• _THE PROBLEM_
Search the records below for the string "White", and report each line that contains it.

• _EXTRACTED RECORDS_
============================================================
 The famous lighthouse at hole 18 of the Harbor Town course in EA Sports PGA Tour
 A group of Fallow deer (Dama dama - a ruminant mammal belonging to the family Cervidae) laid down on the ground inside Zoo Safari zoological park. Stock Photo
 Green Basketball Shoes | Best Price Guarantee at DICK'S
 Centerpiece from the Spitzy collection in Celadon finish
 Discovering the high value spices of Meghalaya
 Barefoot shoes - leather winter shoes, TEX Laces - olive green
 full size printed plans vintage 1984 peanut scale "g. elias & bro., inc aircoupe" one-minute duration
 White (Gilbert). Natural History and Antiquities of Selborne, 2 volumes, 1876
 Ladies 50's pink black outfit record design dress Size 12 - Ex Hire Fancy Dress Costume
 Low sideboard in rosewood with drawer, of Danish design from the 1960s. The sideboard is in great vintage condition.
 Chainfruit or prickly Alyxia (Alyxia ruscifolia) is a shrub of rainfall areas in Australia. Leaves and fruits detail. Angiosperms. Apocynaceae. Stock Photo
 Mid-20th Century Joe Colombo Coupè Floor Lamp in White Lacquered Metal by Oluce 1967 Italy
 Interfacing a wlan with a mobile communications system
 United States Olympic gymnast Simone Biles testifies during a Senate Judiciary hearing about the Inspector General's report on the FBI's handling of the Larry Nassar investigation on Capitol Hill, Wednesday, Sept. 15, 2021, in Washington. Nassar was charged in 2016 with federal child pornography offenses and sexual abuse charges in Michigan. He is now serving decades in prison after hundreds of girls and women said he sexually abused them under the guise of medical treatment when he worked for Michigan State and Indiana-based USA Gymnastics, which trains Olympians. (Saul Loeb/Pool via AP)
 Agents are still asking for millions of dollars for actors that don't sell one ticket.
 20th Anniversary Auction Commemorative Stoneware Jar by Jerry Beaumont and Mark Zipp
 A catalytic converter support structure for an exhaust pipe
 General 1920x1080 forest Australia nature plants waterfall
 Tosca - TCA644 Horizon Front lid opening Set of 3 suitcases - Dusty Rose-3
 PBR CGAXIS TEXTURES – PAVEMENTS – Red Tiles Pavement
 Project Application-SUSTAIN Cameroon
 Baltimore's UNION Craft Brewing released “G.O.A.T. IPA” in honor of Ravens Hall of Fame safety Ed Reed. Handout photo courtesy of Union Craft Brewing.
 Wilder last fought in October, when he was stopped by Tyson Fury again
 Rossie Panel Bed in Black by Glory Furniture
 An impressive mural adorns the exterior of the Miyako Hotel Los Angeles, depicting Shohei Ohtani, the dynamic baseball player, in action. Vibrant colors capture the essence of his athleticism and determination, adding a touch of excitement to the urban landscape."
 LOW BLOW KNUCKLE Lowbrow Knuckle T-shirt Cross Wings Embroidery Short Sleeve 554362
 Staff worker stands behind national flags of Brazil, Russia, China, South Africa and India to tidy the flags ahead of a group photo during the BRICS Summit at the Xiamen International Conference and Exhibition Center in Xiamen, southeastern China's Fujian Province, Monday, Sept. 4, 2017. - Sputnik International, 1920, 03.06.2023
============================================================
• _SOLUTION TO THIS PROBLEM_
 White (Gilbert). Natural History and Antiquities of Selborne, 2 volumes, 1876
 Mid-20th Century Joe Colombo Coupè Floor Lamp in White Lacquered Metal by Oluce 1967 Italy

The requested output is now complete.